[PROBLEM DESCRIPTION]
Wherever a picture appears in the data below, omit it, and restate everything else word for word.

(RECORDED DATA begins)

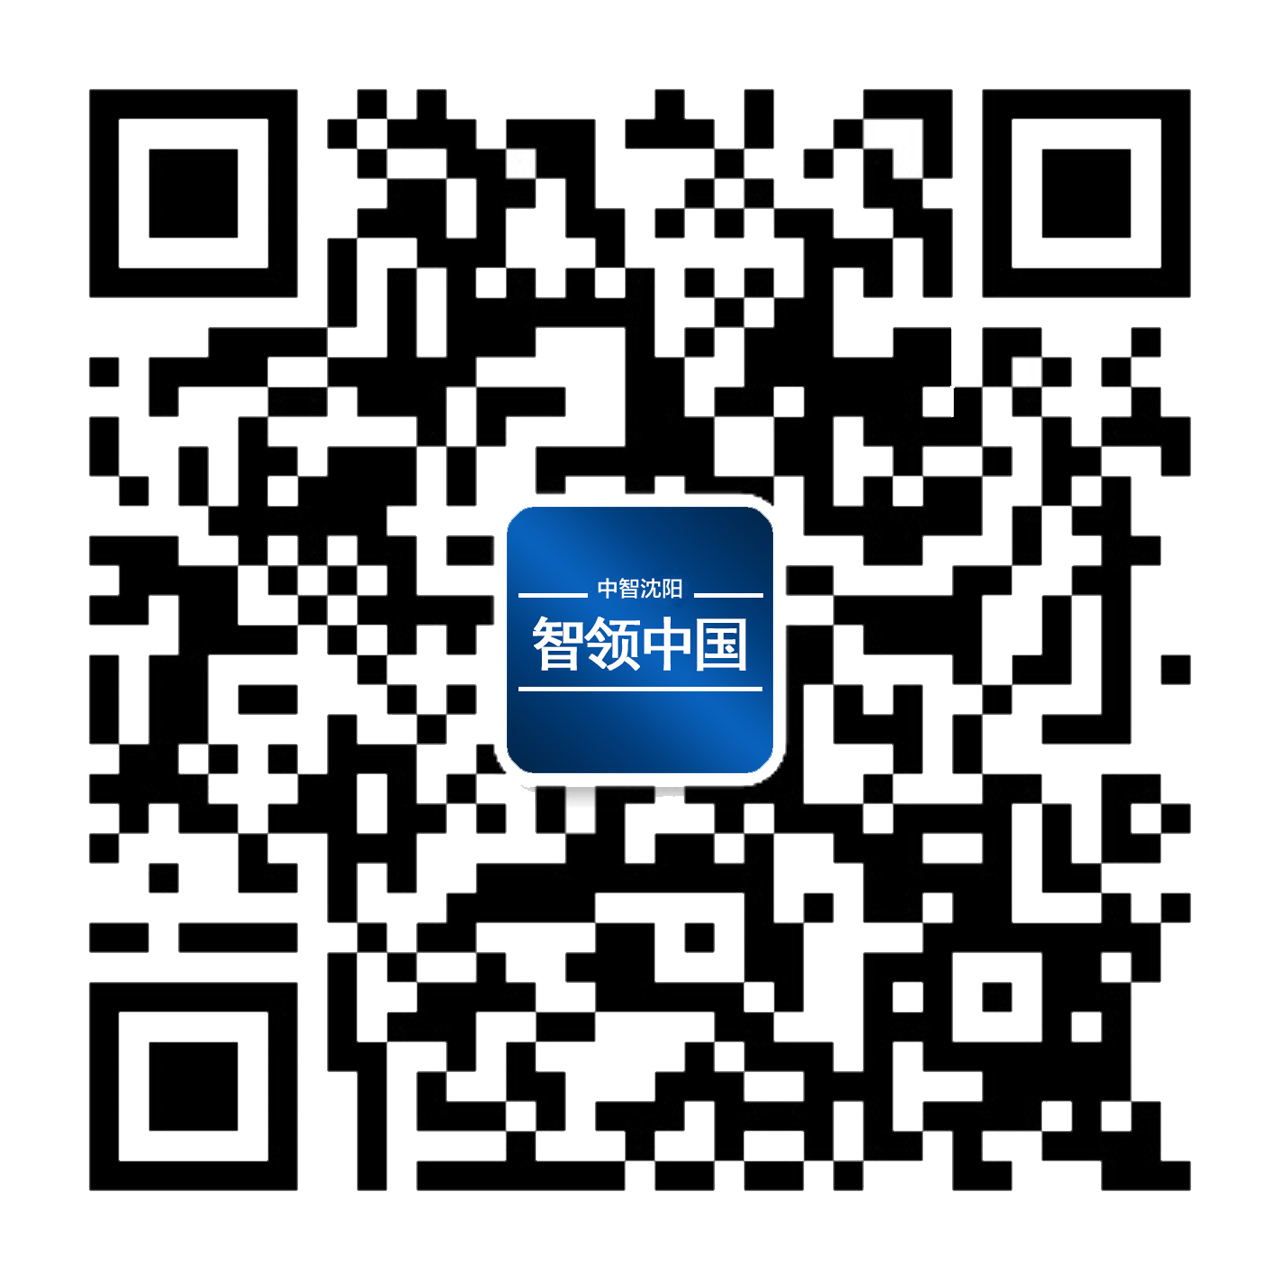 关于当前产品18dj18手机版客户端·(中国)官方网站的成功案例等相关图片
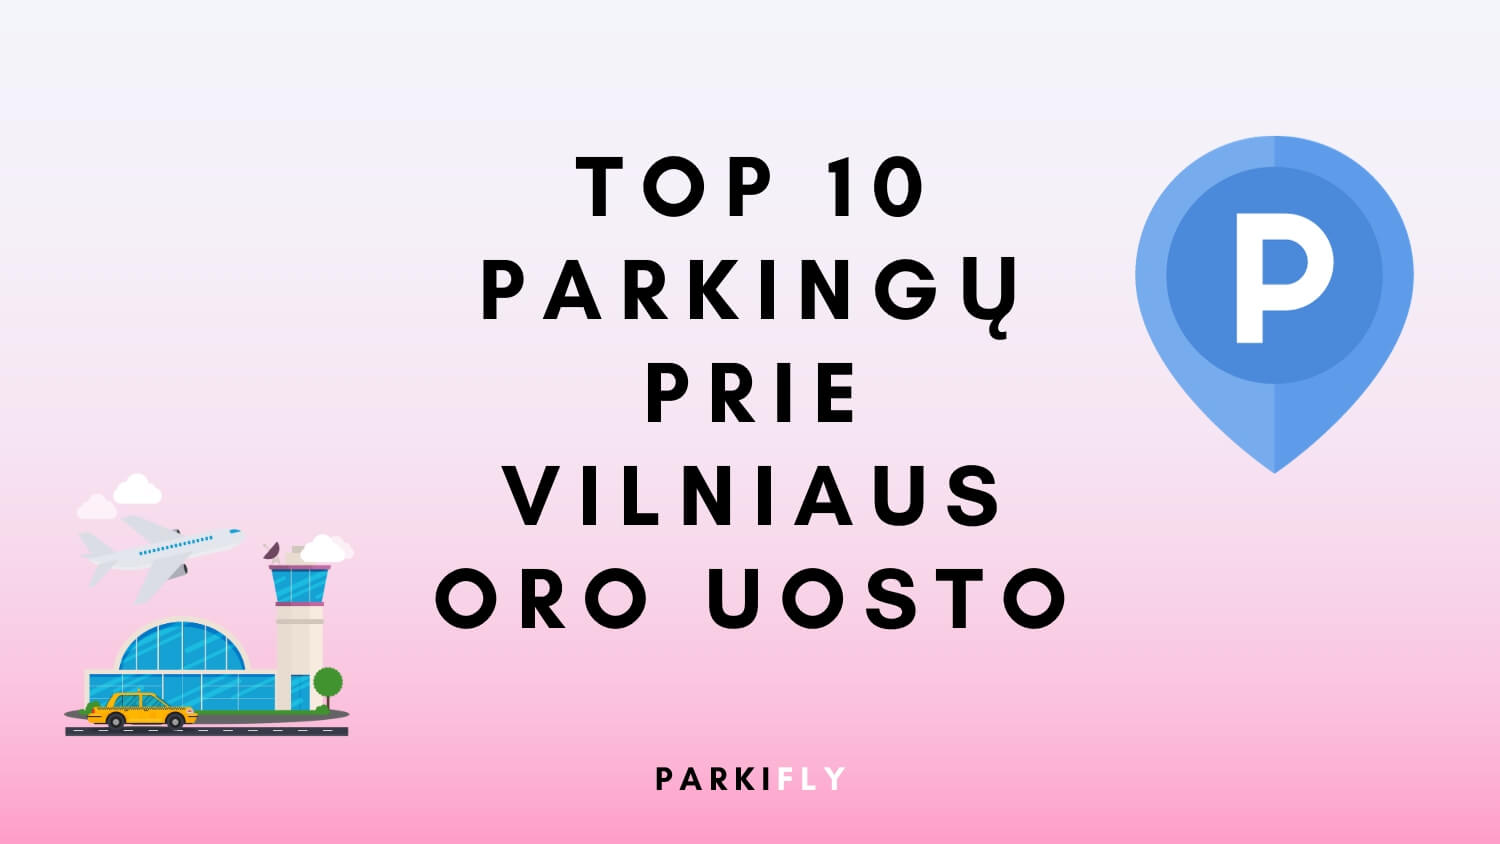 Pigus parkavimas Vilniaus oro uoste (Top 10 geriausių parkingų)
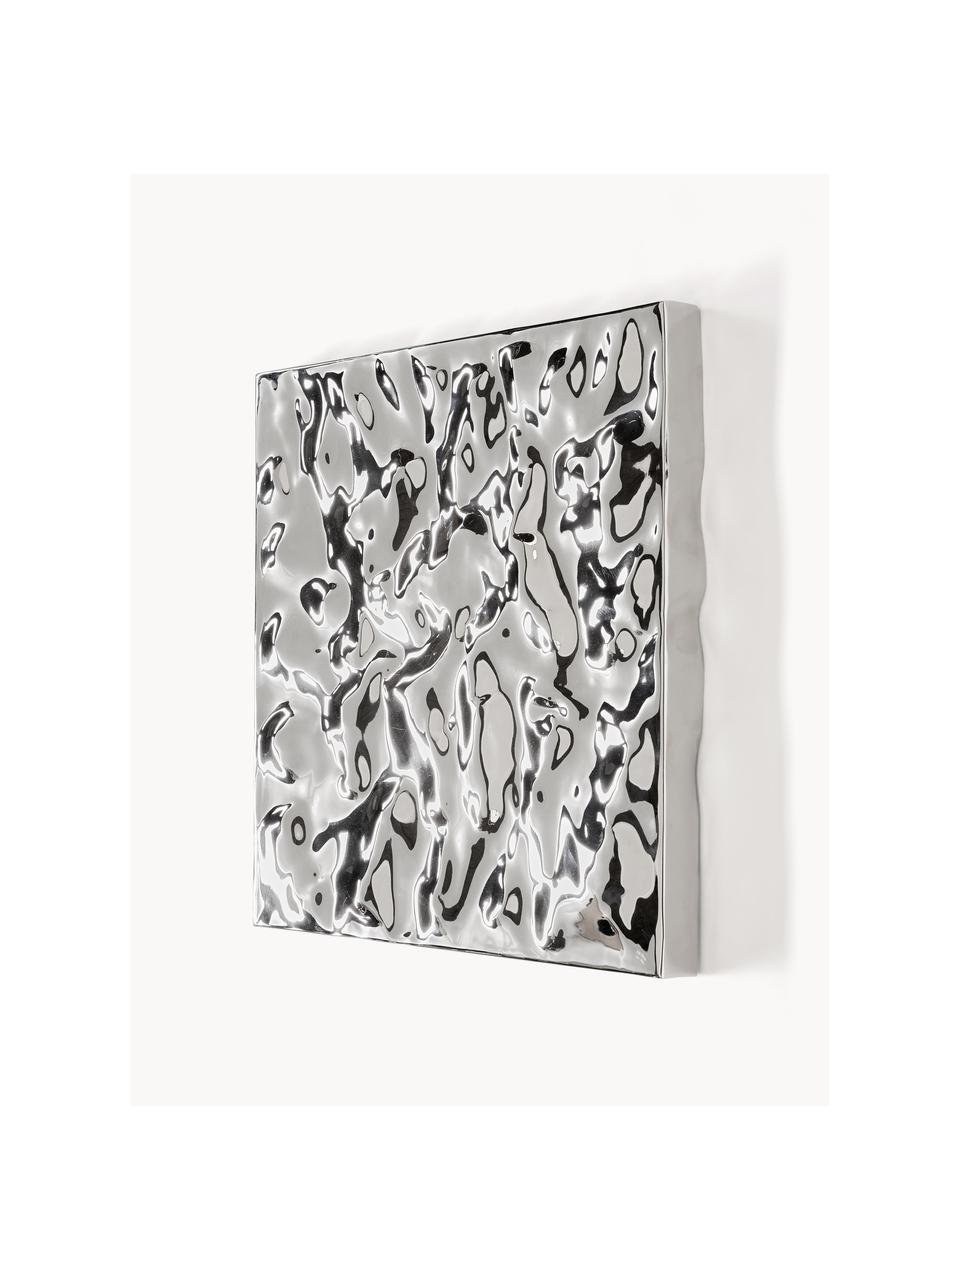 Wandobjekt Splash mit gehämmerter Oberfläche, 2 Stück, Aluminum, poliert, lackiert, Silberfarben, B 50 x H 50 cm

(RECORDED DATA ends)

[OUTPUT OF THE EXERCISE]
 关于当前产品18dj18手机版客户端·(中国)官方网站的成功案例等相关图片
 Pigus parkavimas Vilniaus oro uoste (Top 10 geriausių parkingų)
 Wandobjekt Splash mit gehämmerter Oberfläche, 2 Stück, Aluminum, poliert, lackiert, Silberfarben, B 50 x H 50 cm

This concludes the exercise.